|}

The Joel Stakes is a Group 2 flat horse race in Great Britain open to horses aged three years or older. It is run on the Rowley Mile at Newmarket over a distance of 1 mile (1,609 metres), and it is scheduled to take place each year in late September.

History
The event was established in 1987, and it was originally called the Main Reef Stakes. It was named after Main Reef, a successful horse owned and bred by Jim Joel. It was initially restricted to three-year-olds and contested over 1 mile and 2 furlongs.

The race was opened to older horses and cut to a mile in 1989. For a period it was classed at Listed level. Jim Joel died in 1992, and it was renamed the Joel Stakes in 1994.

The Joel Stakes was promoted to Group 3 status in 2003. The Shadwell breeding organisation became its sponsor in 2008, and its full title included the name of Nayef, a Shadwell stallion for a period. It was upgraded to Group 2 in 2011.

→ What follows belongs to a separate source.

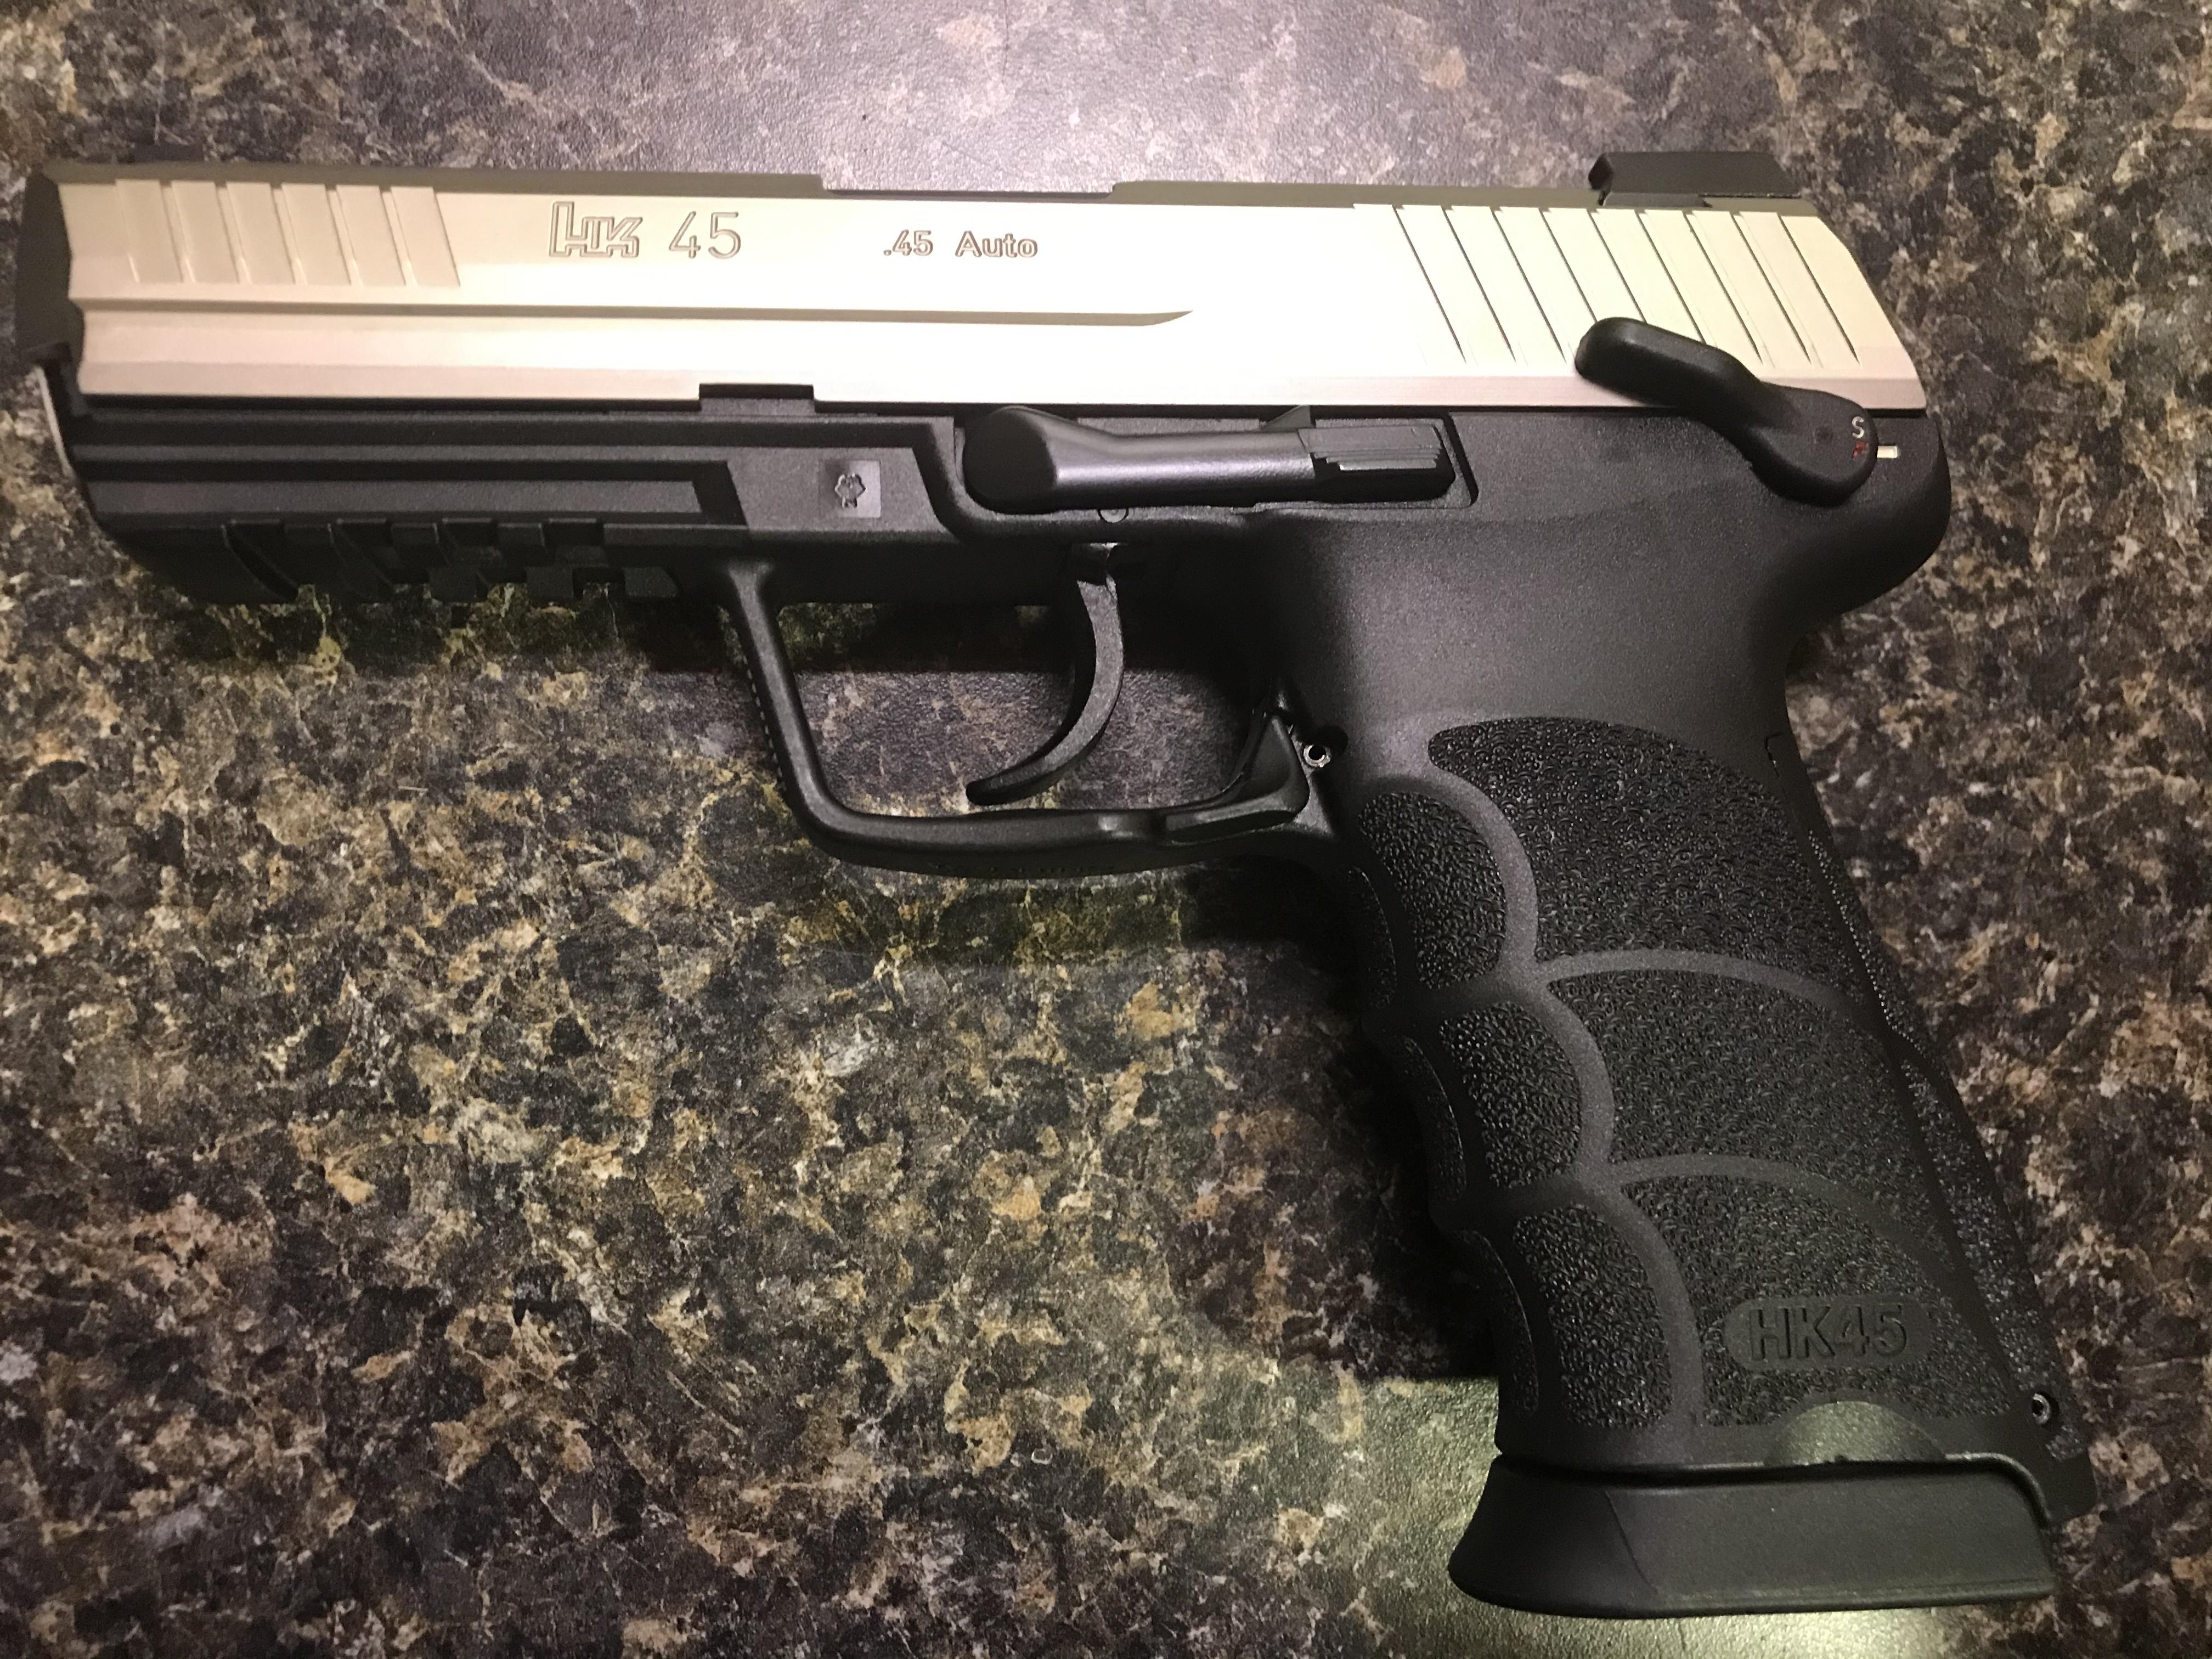 WTS:  HK45, German-made, custom finish, LEM with manual safety and night sights-434a4f02-4122-404b-8265-c0f3502a3f68.jpeg

The race is currently held on the second day of Newmarket's three-day Cambridgeshire Meeting, the day before the Cambridgeshire Handicap.

Records

Most successful horse (2 wins):
 Benbatl - (2019,2021)

Leading jockey (4 wins):
 Oisin Murphy – Beat The Bank (2017), Benbatl (2019,2021), Kameko (2020)

Leading trainer (4 wins):
 Sir Michael Stoute – Sabotage (1989), Rob Roy (2005), Confront (2009), Mustashry (2018)
 Saeed bin Suroor -  Satchem (2006), Creachadoir (2007), Benbatl (2019,2021)

Winners

See also
 Horse racing in Great Britain
 List of British flat horse races
 Recurring sporting events established in 1987 – this race is included under its original title, Main Reef Stakes.

References

 Paris-Turf: 

 Racing Post:
 , , , , , , , , , 
 , , , , , , , , , 
 , , , , , , , , , 
 , , , 

 galopp-sieger.de – Joel Stakes (ex Main Reef Stakes).
 ifhaonline.org – International Federation of Horseracing Authorities – Joel Stakes (2019).
 pedigreequery.com – Joel Stakes – Newmarket.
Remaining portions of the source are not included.